Fiction Reviews


Dodger's Guide to London

(2013) Terry Pratchett, Doubleday, £12.99, hrdbk, 137pp, ISBN 978-0-857-53324-1

 

This book sort of accompanies Terry’s novel Dodger. It is very much the stocking filler, an ideal book for a Christmas or birthday gift. It is not a story but, as its name implies, a collection of interesting background information on the London of Dodger's day (which was the early Victorian period). It is not at all necessary to have read Dodger though it goes well with it, especially if, like me, you have just read the novel.

It provides an insight into life in London at the time, and that was not particularly pleasant for most people. Perhaps the very rich were having a good time, but the people below them struggled, and the lower echelons of society struggled daily to even stay alive. Whilst we look back with rose-tinted glasses to the warm pleasures of a simple life as described in some of the works by authors such as Dickens, the reality was very far from that. If we think life can be a struggle now, it was terrible back then - there was no social security, no unemployment benefit, no social housing. It was entirely up to you to find some way (often not at all legal) of keeping fed and watered (not that you would want to drink the water), to find a roof (or something waterproof) over your head at night, and if you failed to do so on a daily basis then that was the end of you. We really have never had it better than we do today!

Enough of such despondency; this little book is designed to entertain and amuse as well as inform. It is stuffed full of little sections on this and that, explanations of old words and terms, old ways of doing things, and so on. It makes an interesting read though is best dipped into a few pages at a time.

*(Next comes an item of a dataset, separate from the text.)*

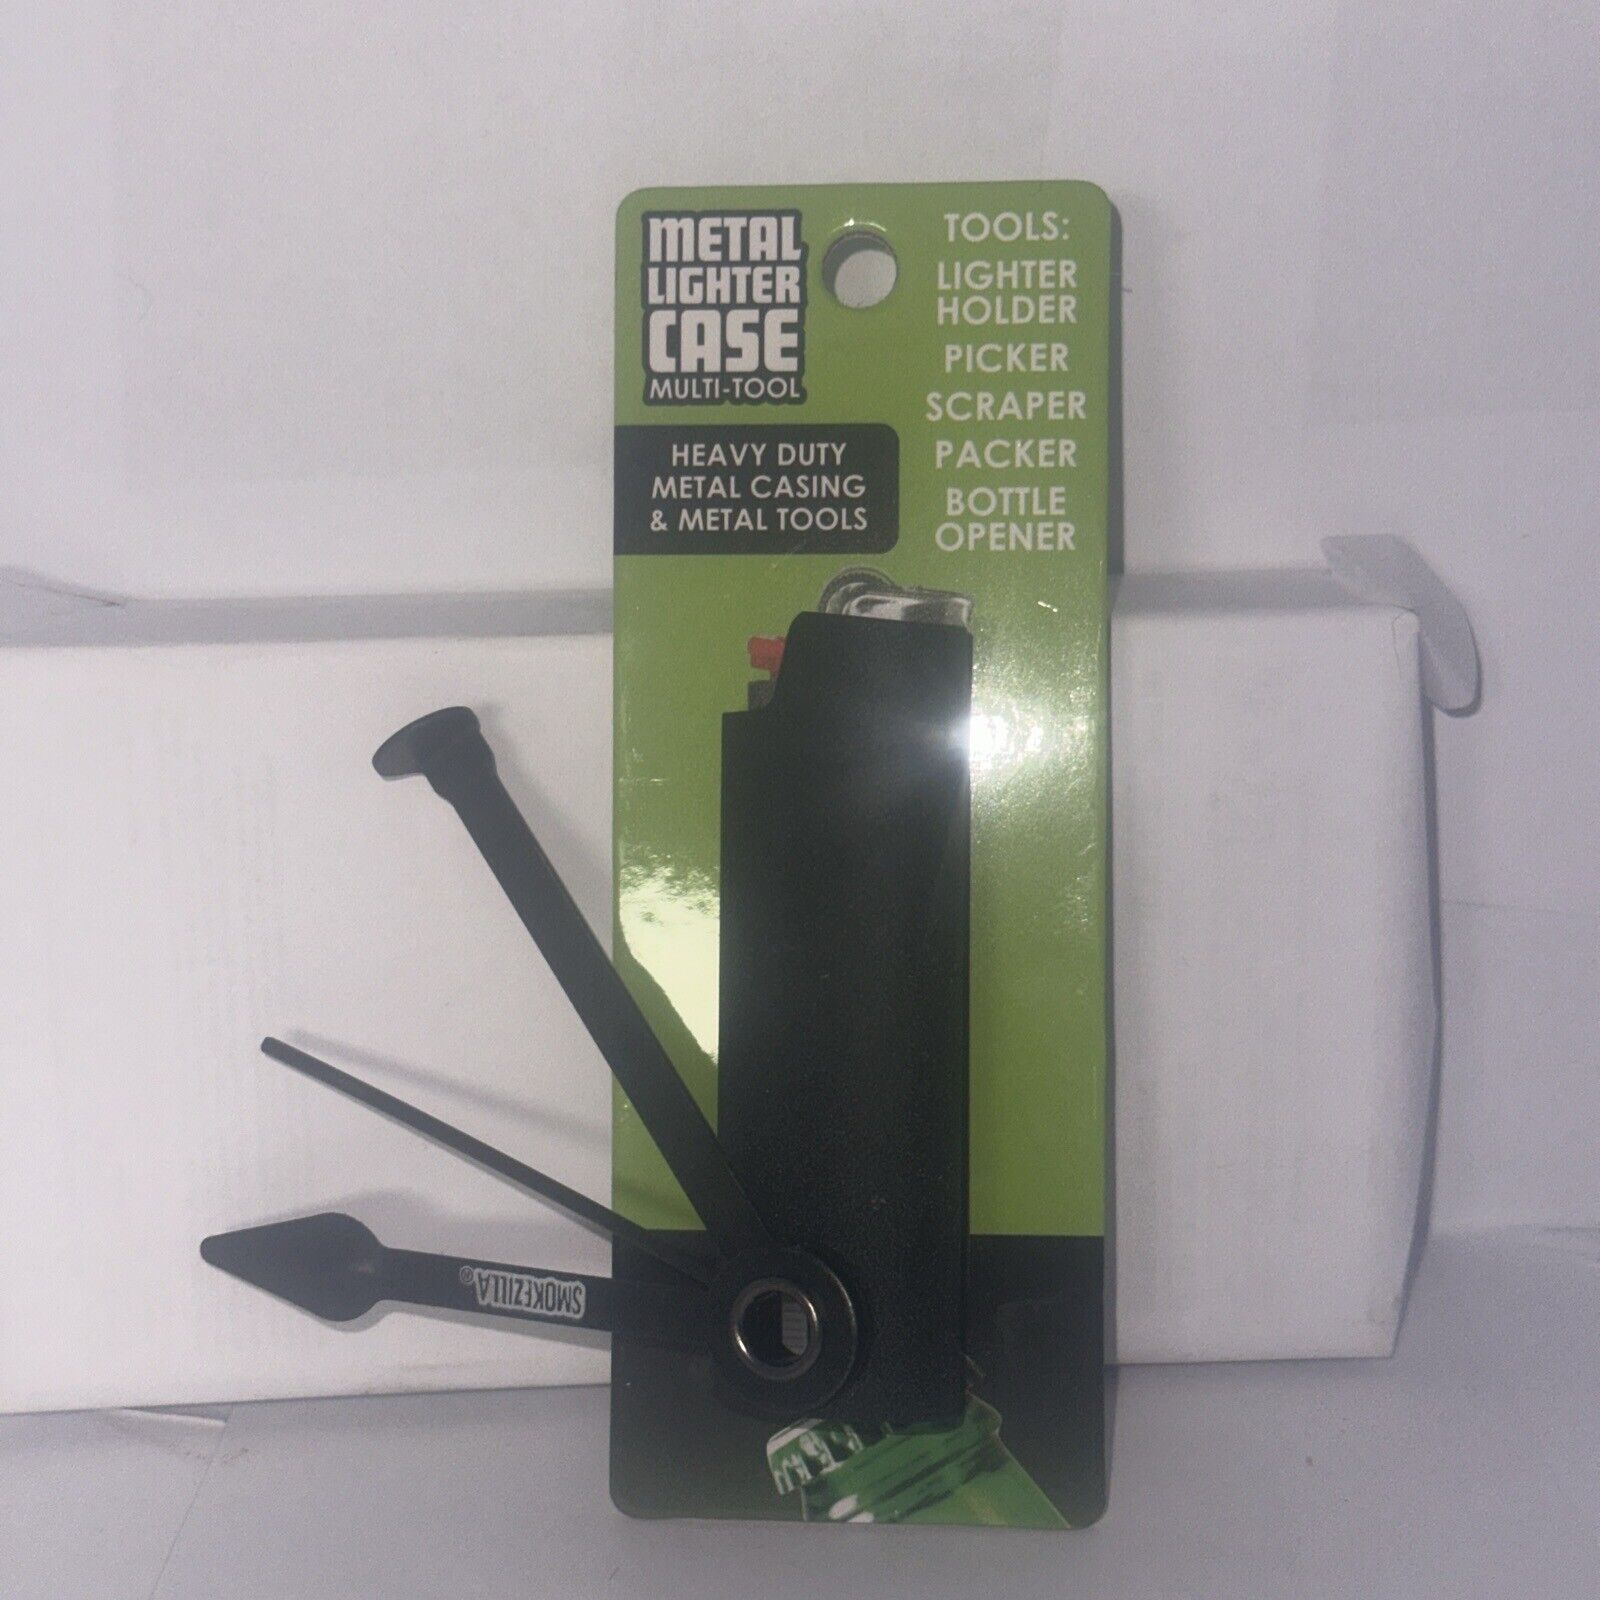 Smokezilla 5-in-1 Lighter Case Holder All Inclusive Smokers Multi Tool
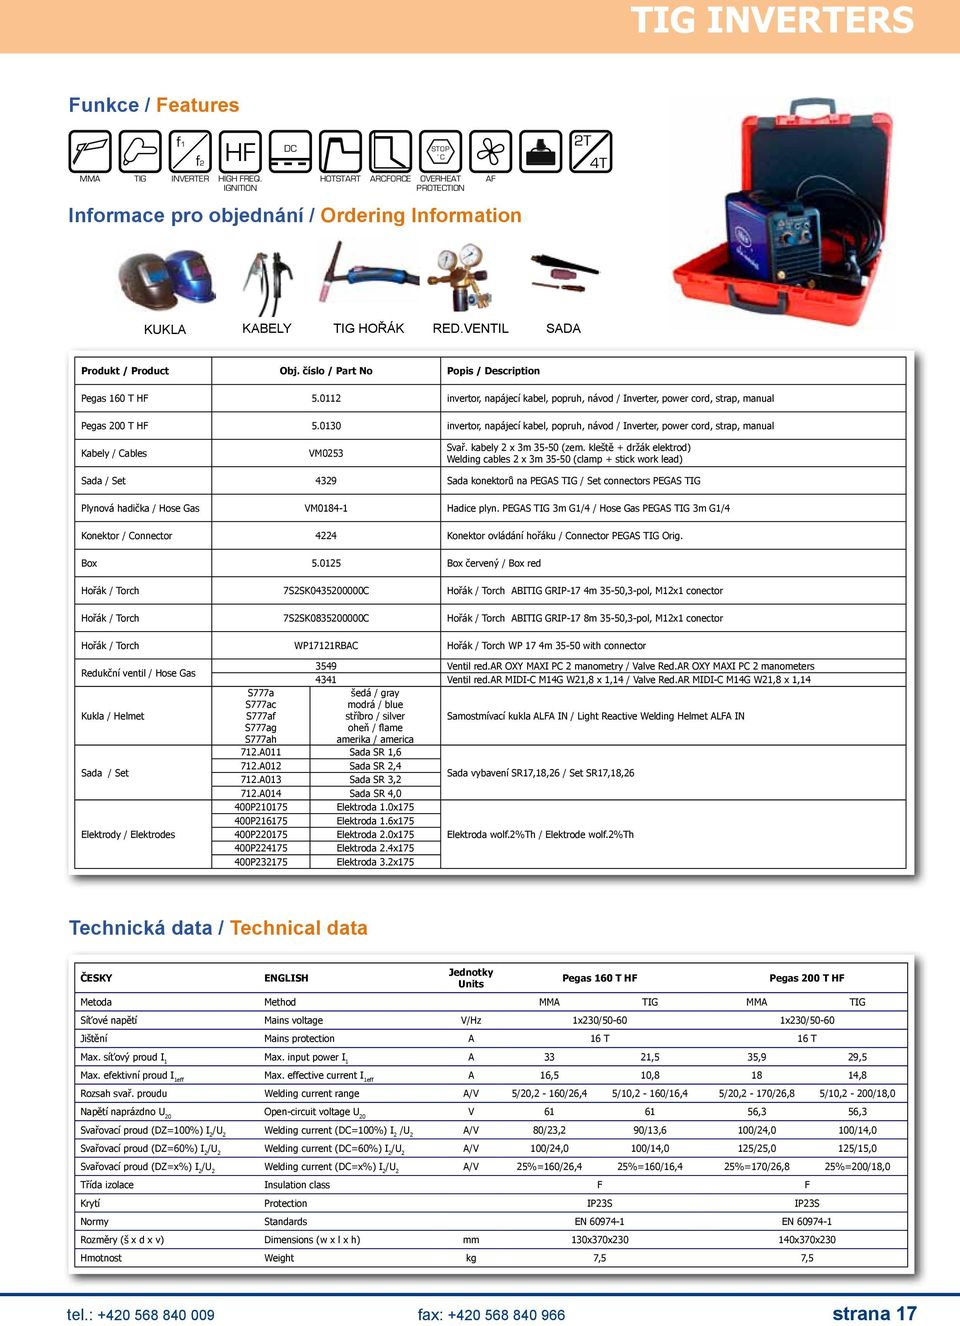 číslo / Part No Popis / Description Pegas 160 T HF 5.0112 invertor, napájecí kabel, popruh, návod / Inverter, power cord, strap, manual Pegas 200 T HF 5.

As well as being full of facts, it also quotes little excerpts from Dodger to illustrate various points. Throughout this is hardly a heavy textbook but Dodger’s quotes add a pleasant lightness, and it is up to the reader to remember that Dodger and his friends from the Rookeries are fictional characters but nonetheless are based very much on the real people of the times. Certain of the characters appearing in Dodger were real people (such as Charles Dickens and Henry Mayhew), though used in a fictionalised way, and references in this book to these friendships are equally fictional but illustrative.

I have just one criticism and it is that, at times, larger font sizes would make it easier to read. Some of the quotes from Dodger are in a small, italic font and the reprinted cartoons and illustrations (such as from Punch magazine) have equally small and difficult to read text. Make sure you have a bright reading light!

All told, this is an entertaining and informative book. Whilst hardly a textbook for historians, it makes an enjoyable gift for those with at least a passing interest in our past.